Find the volume of the vase I am told that the shape of a vase can be modelled by rotating the curve with equation $16x^2-(y-8)^2=32$ between $y=0$ and $y=16$ completely about the $y$-axis. I'm asked to find the volume of the vase. 
I would like to solve this using triple integrals. I can see that I need to compute something of the form $$\iiint_D r\,dr\,d\theta \,dz$$
I'm not sure where I need to go from here though. 
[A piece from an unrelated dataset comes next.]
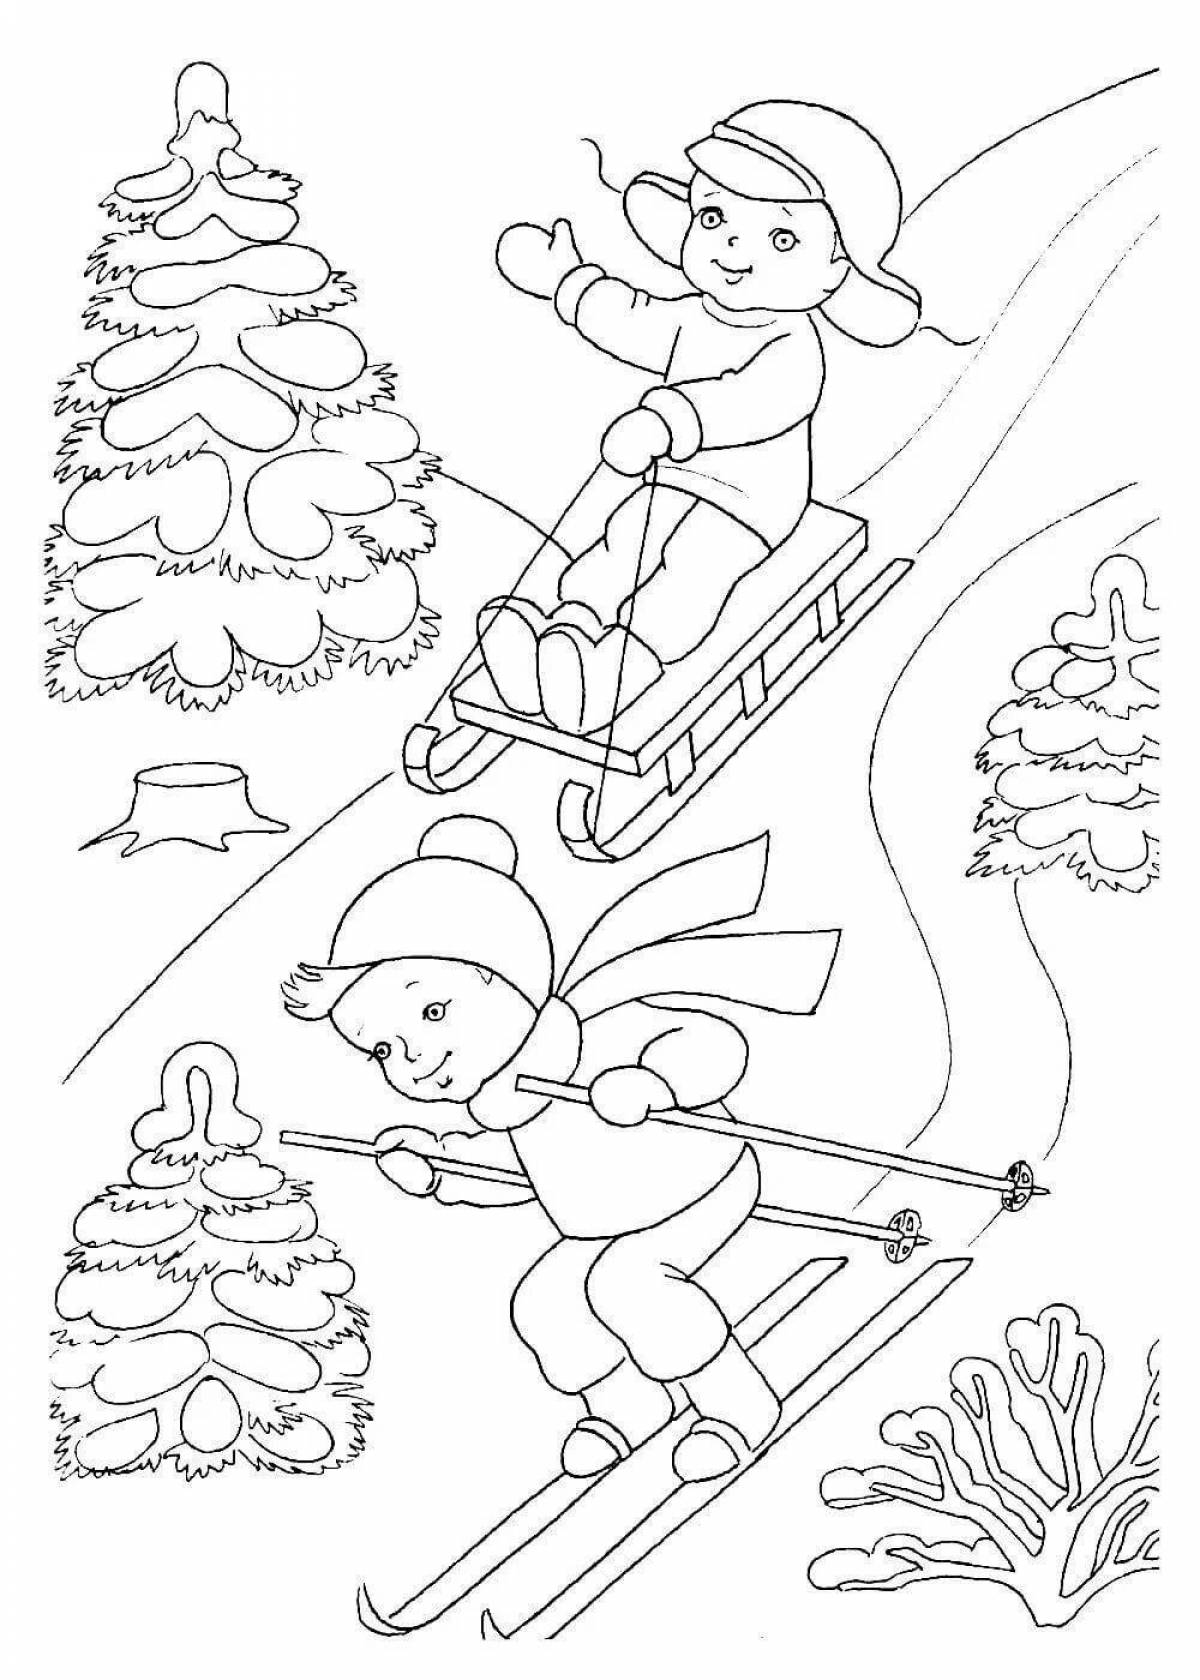 Playful winter slide coloring page
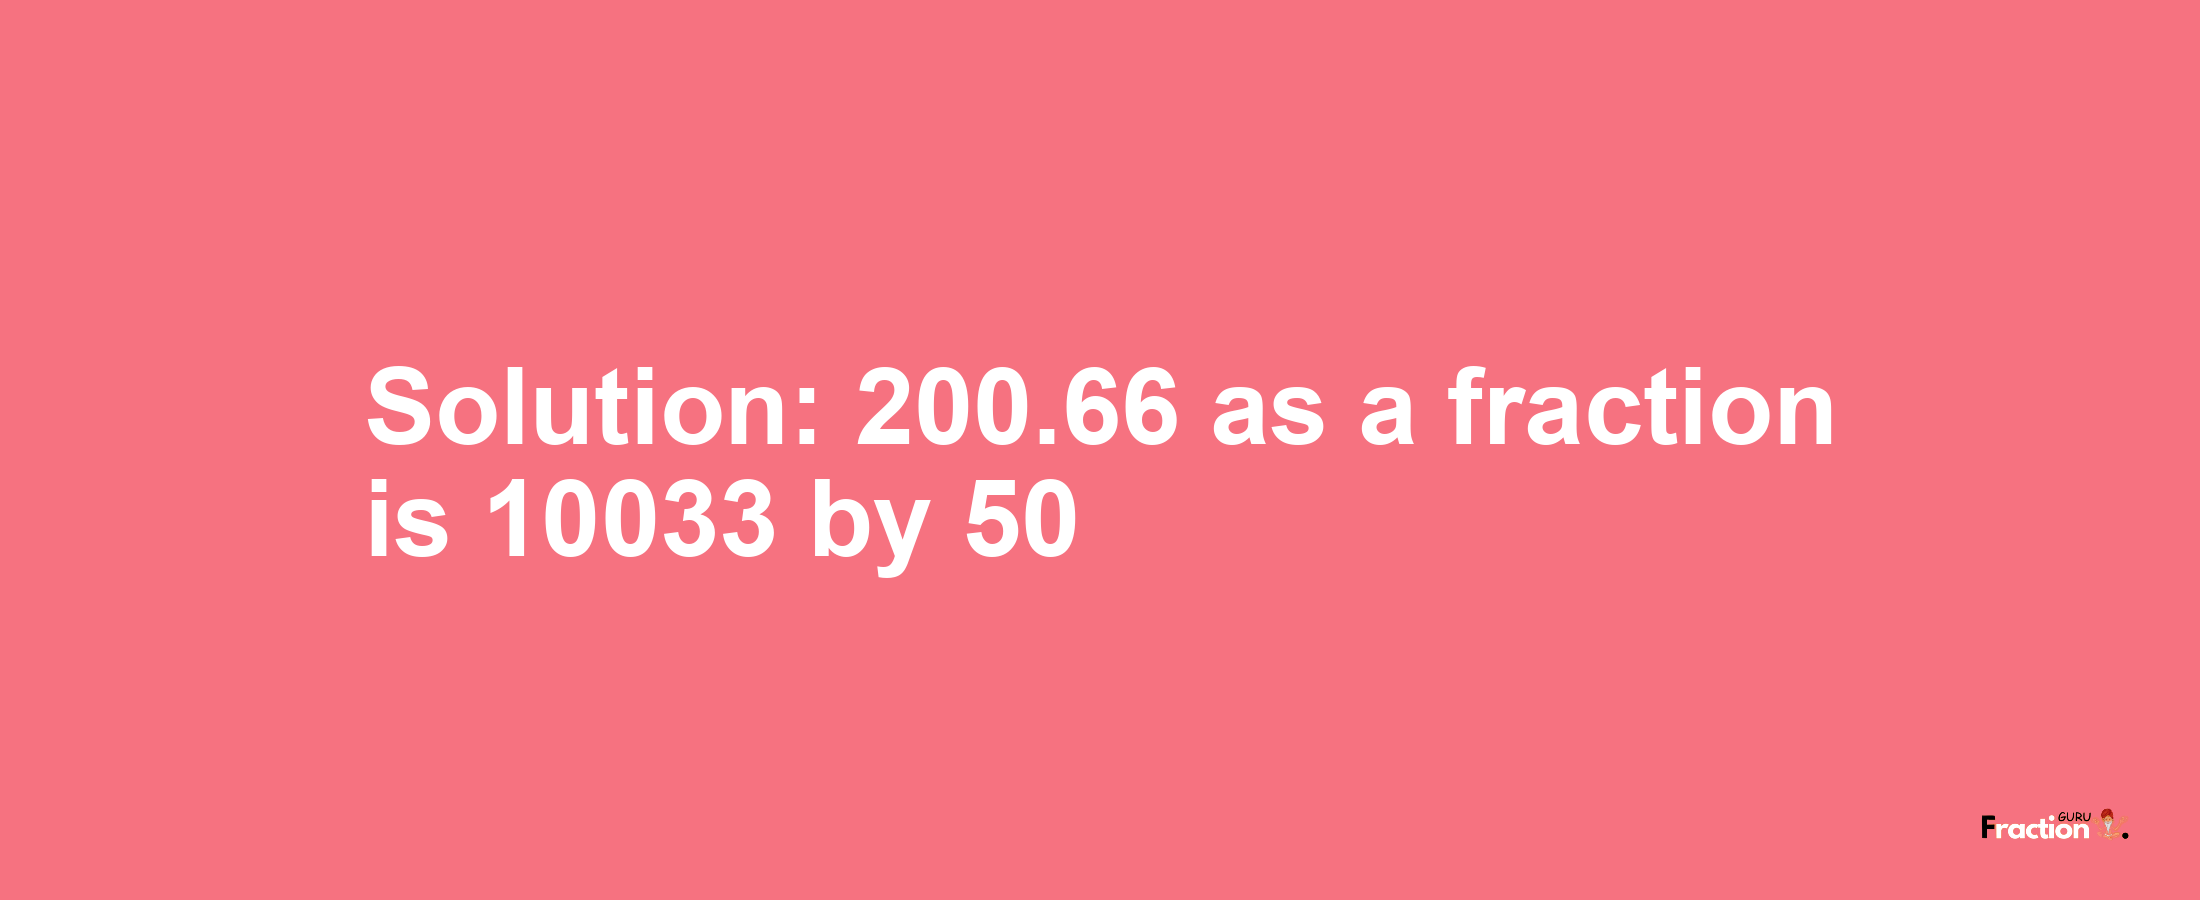 Solution:200.66 as a fraction is 10033/50

I appreciate that this may not be the simplest way to do this but this is the way I've been asked to solve the problem.
 A: $r = x\\
r^2 - (y-8)^2 = 32\\
r = \sqrt {\frac{32 + (y-8)^2}{16}}$
$\int_0^{2\pi}\int_0^{16}\int_0^{\sqrt{\frac{32 + (y-8)^2}{16}}}r\, dr\, dy\, dt$
Before we integrate lets make the substitution $y' = y-8$
$\int_0^{2\pi}\int_{-8}^{8}\int_0^{\sqrt{\frac{32 + y'^2}{16}}} r\,dr \,dy'\, dt\\
\int_0^{2\pi}\int_{-8}^{8}\frac 12 r^2 |_0^{\sqrt{\frac{32 + y'^2}{16}}} \,dy'\, dt\\
\int_0^{2\pi}\int_{-8}^{8}\frac 12 (\frac{32 + y'^2}{16}) \,dy'\, dt\\
\int_0^{2\pi} y' + \frac 1{96} y'^3 |_{-8}^{8} \, dt\\
\int_0^{2\pi} \frac {80}{3}\, dt\\
\frac {160\pi}{3}$
A: I am studying it as well so I won't presume to be official and ultimately correct. I would note that for every $0 \le y\le 16$, the equation gives you two symmetric $x$ values, $x=\pm {\sqrt{(y-8)^2+32}\over 4}$. Rotating the curve about the $y$-axis, you get that for every $0 \le y_0\le 16$, there is a flat area about the $y$-axis confined by the circle $x^2+z^2=x_0^2=({\sqrt{(y_0-8)^2+32}\over 4})^2={{(y_0-8)^2+32}\over 16}$. 
Now, set $y=h$ (the height of the figure). $x=r\cos \theta, z=r\sin \theta$, where $r\le{\sqrt{(h-8)^2+32}\over 4}$. i.e. Cylindrical coordinates. I will add my calculations as soon as I am done...
I get a volume of ${160\pi\over 3} $ which is also arrived at using wolframalpha.
I then let $0\le \theta\le 2\pi$, and get: 
$\int_{0}^{16}\int_{0}^{2\pi}\int_{0}^{{\sqrt{(h-8)^2+32}\over 4}}rdrd\theta dh=2\pi\int_{0}^{16}{1\over 2}{(h-8)^2+32 \over 16}dh={\pi\over 16}\int_{0}^{16}((h-8)^2+32)dh={\pi\over 16}\int_{0}^{16}(h^2-16h+96)dh$.